Ketut Madra and 100 Years of Balinese Wayang Painting, a retrospective exhibition of Madra’s work in the context of 20th Century wayang painting ran from 7 October to 7 November 2013. at Ubud’s Museum Puri Lukisan.

Catalog cover_Page_01The exhibition included 69 paintings by Ketut Madra and 23 other artists and presented a wide-ranging survey of Balinese wayang art of the past century. Many of the paintings in the exhibition were collected by guest curator David Irons when he spent a year living in Bali in 1973. These were supplemented by pieces from the Museum Puri Lukisan, ARMA, and private collections in the USA and Bali, including 15 works from Ketut Madra’s own collection.

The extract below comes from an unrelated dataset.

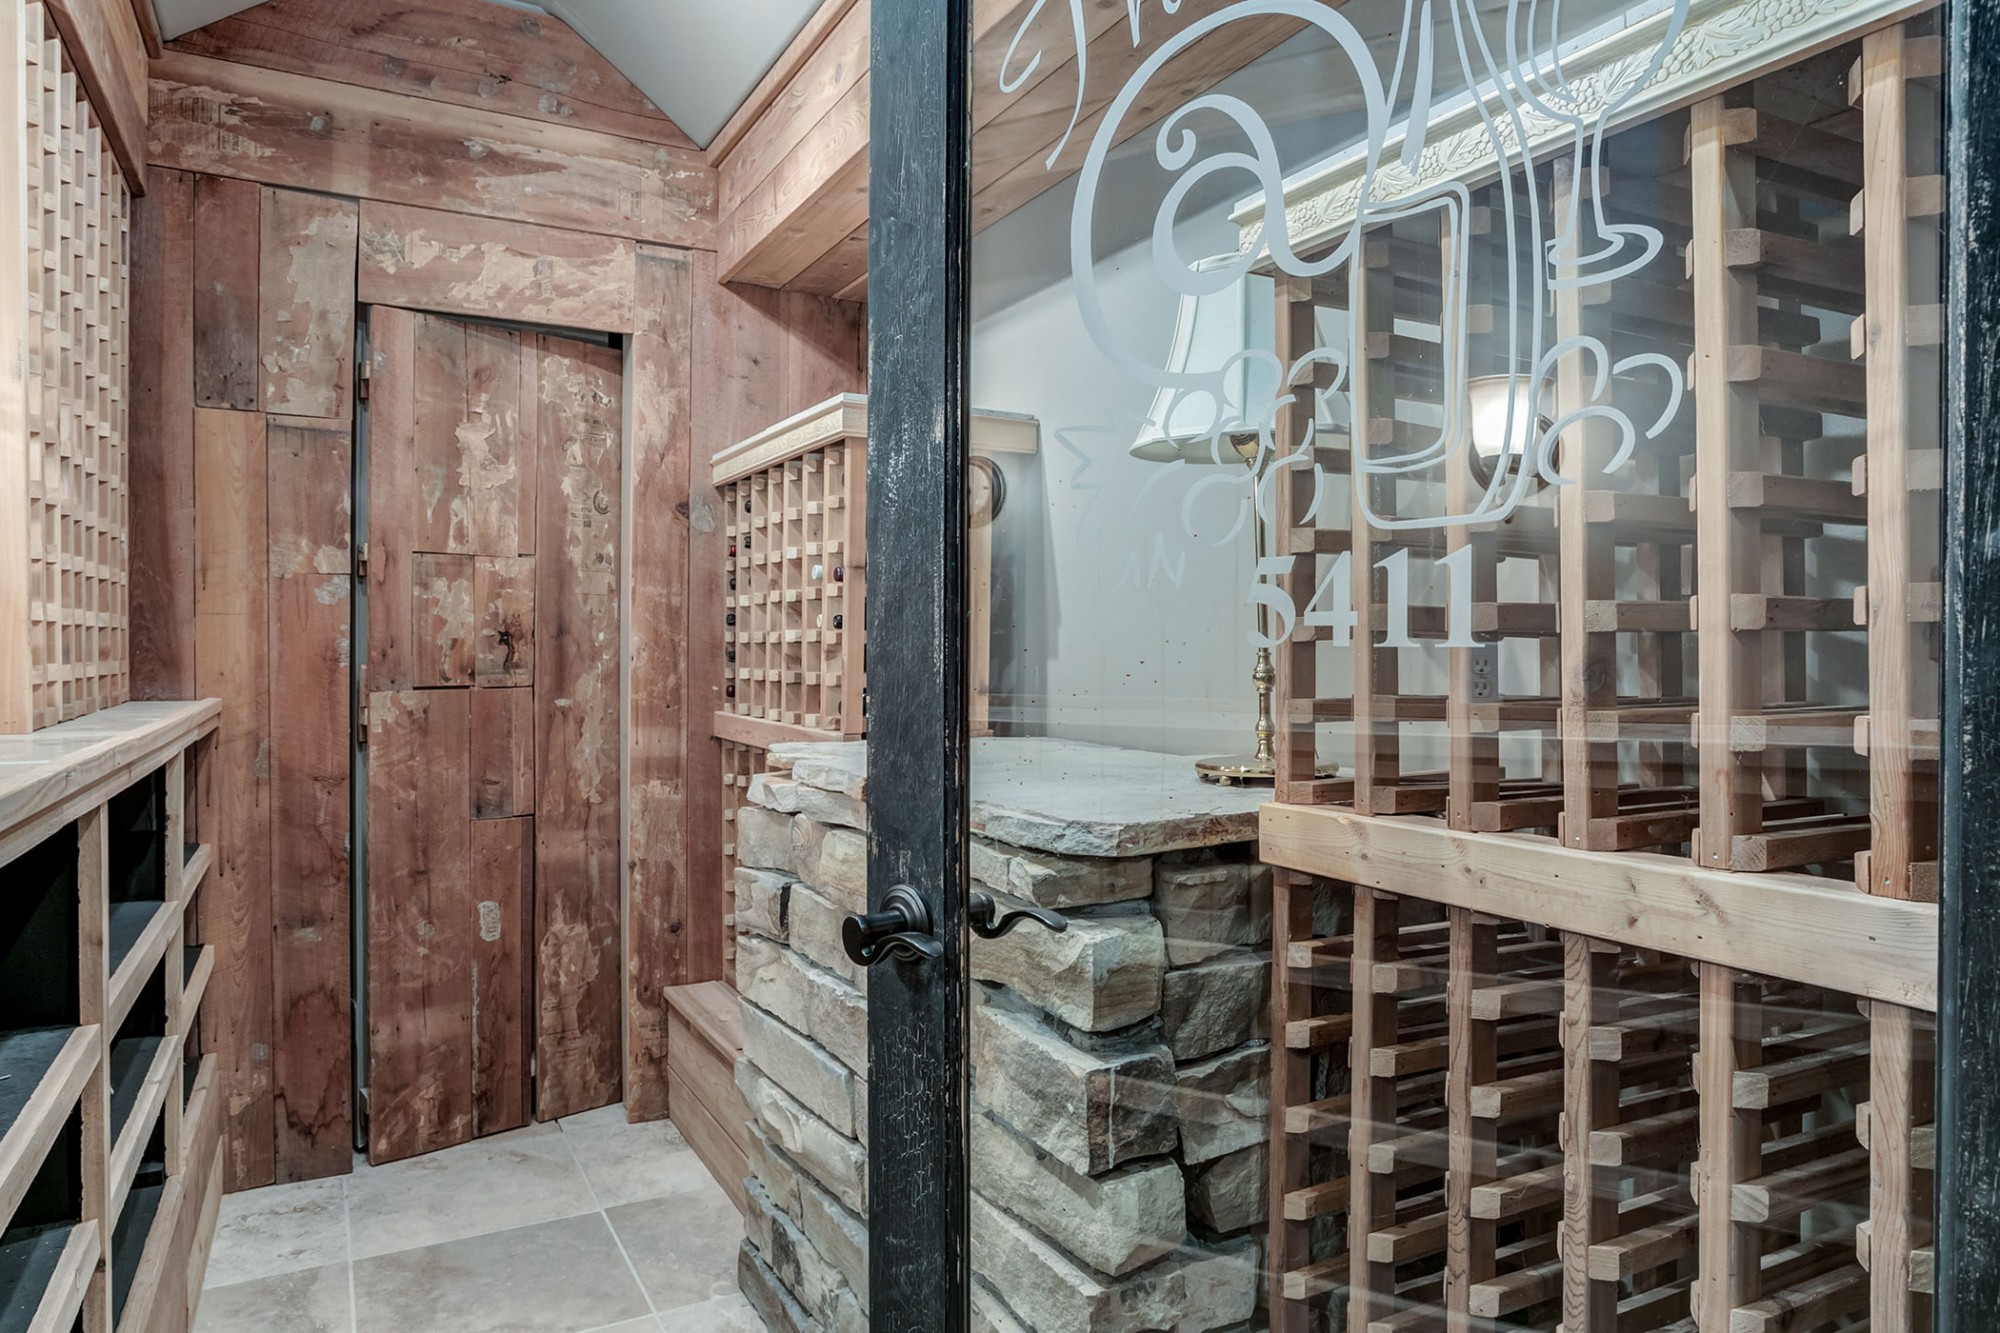 Enter through the custom etched door. The wine cellar can hold approximately 450 bottles, and there is also a hidden door leading to the tornado room!

53. Boma and Kresna, Ketut Madra, Peliatan, Acrylic on canvas, 1973, 44 x 59 cm, Collection of David Irons (DMI-19)

Boma and Kresna, Ketut Madra

A 64-page, large-format, color catalog, in English by Mr. Irons (with Indonesian translation)  accompanied the exhibition. In Bali, the catalog can be purchased at the museum, at Ganesha Bookshop in Ubud, and at the gallery at Madra Homestay in Banjar Kalah Peliatan. Copies of the printed version are also available by mail from this website, and free PDF versions of the catalog (with relatively low resolution photos) may also be downloaded here in English and in Indonesian.

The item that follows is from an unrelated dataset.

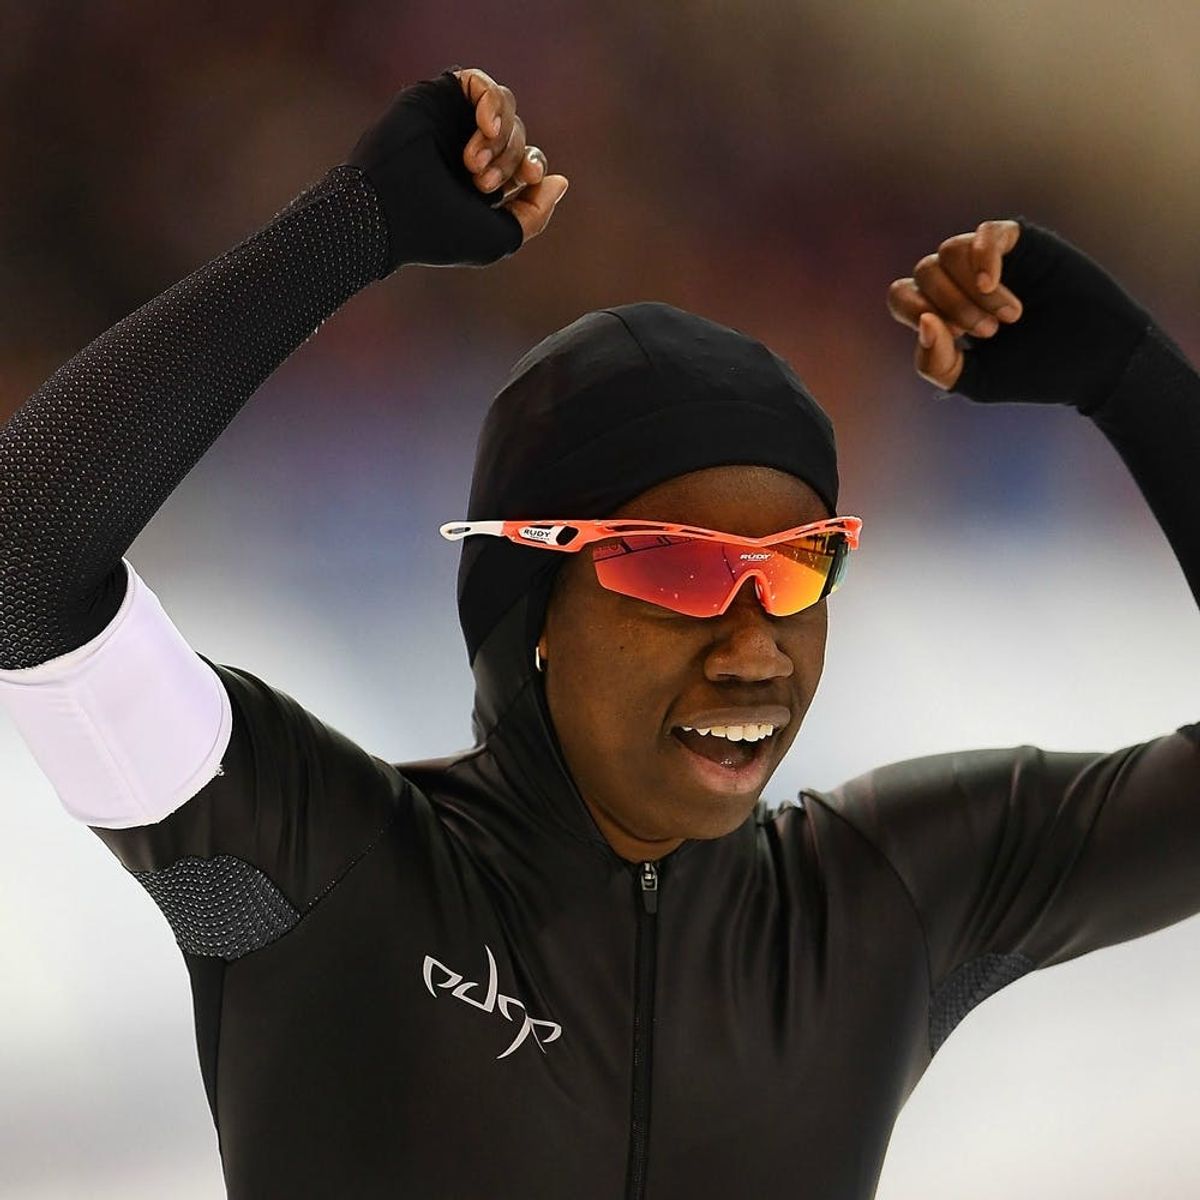 Erin Jackson Made the Olympic Speed Skating Team FOUR MONTHS After Learning the Sport

The text below greeted visitors at the entrance to the exhibition.

Ketut Madra and 100 Years of Balinese Wayang Painting

Wayang painting is an integral part of Bali’s Hindu-Buddhist faith. It began about a thousand years ago to tell great legends with moral lessons on the screens, curtains, walls and ceilings of the island’s temples, palaces, and homes of wealthy patrons. The art is alive today in the temples where it began and in modern interpretations.

Much of the work here tells the ancient stories of the shadow theater or wayang kulit, including scenes from the Ramayana and the Mahabharata, as well as from Balinese folk tales.

With works by two dozen artists, this exhibition offers an introduction to wayang painting over the past century. While focusing on the work of Ketut Madra of Peliatan, a singularly accomplished master of the art in the Ubud region, it also includes pieces by 23 other painters dating from the early 1900s to the present. Almost all the paintings are by artists living near Ubud and in the village of Kamasan, south of Klungkung.

This exhibition has three sections. The first features aspects of Balinese cosmology ranging from contemplative scenes to very active ones. Deities, heroes, demons, and servants act with all the human emotions of love, compassion, wisdom, anger, fear, jealousy, and greed – as well as bawdy humor.

The second focuses on the Ramayana. The first six paintings by six artists show familiar scenes from the epic: the abduction of Sita, wife of Rama by the demon king Rawana; the aerial battle with the bird Jatayu in his failed attempt to rescue her. Thirteen others depict Rama and the great monkey army led by the general Hanoman in their epic struggle to recover Sita from the demons who hold her captive.

The third section tells stories from the Javanese-Balinese Panji or Malat semi-historical romances, and includes episodes from the other great Hindu epic, the Mahabharata. It also shows the young Hanoman and the sun god Surya; Sutasoma, an incarnation of Buddha; and the mortal combat of Kresna, an incarnation of Wisnu, with the demon Boma.

Several of the older paintings here were formerly displayed in village and family temples until they became too weathered by sun, rain, wind, and age, and were replaced with works by a new generation of painters.

We hope this exhibition opens the door to a world of Balinese storytelling as a point of entry to the island’s religion and culture.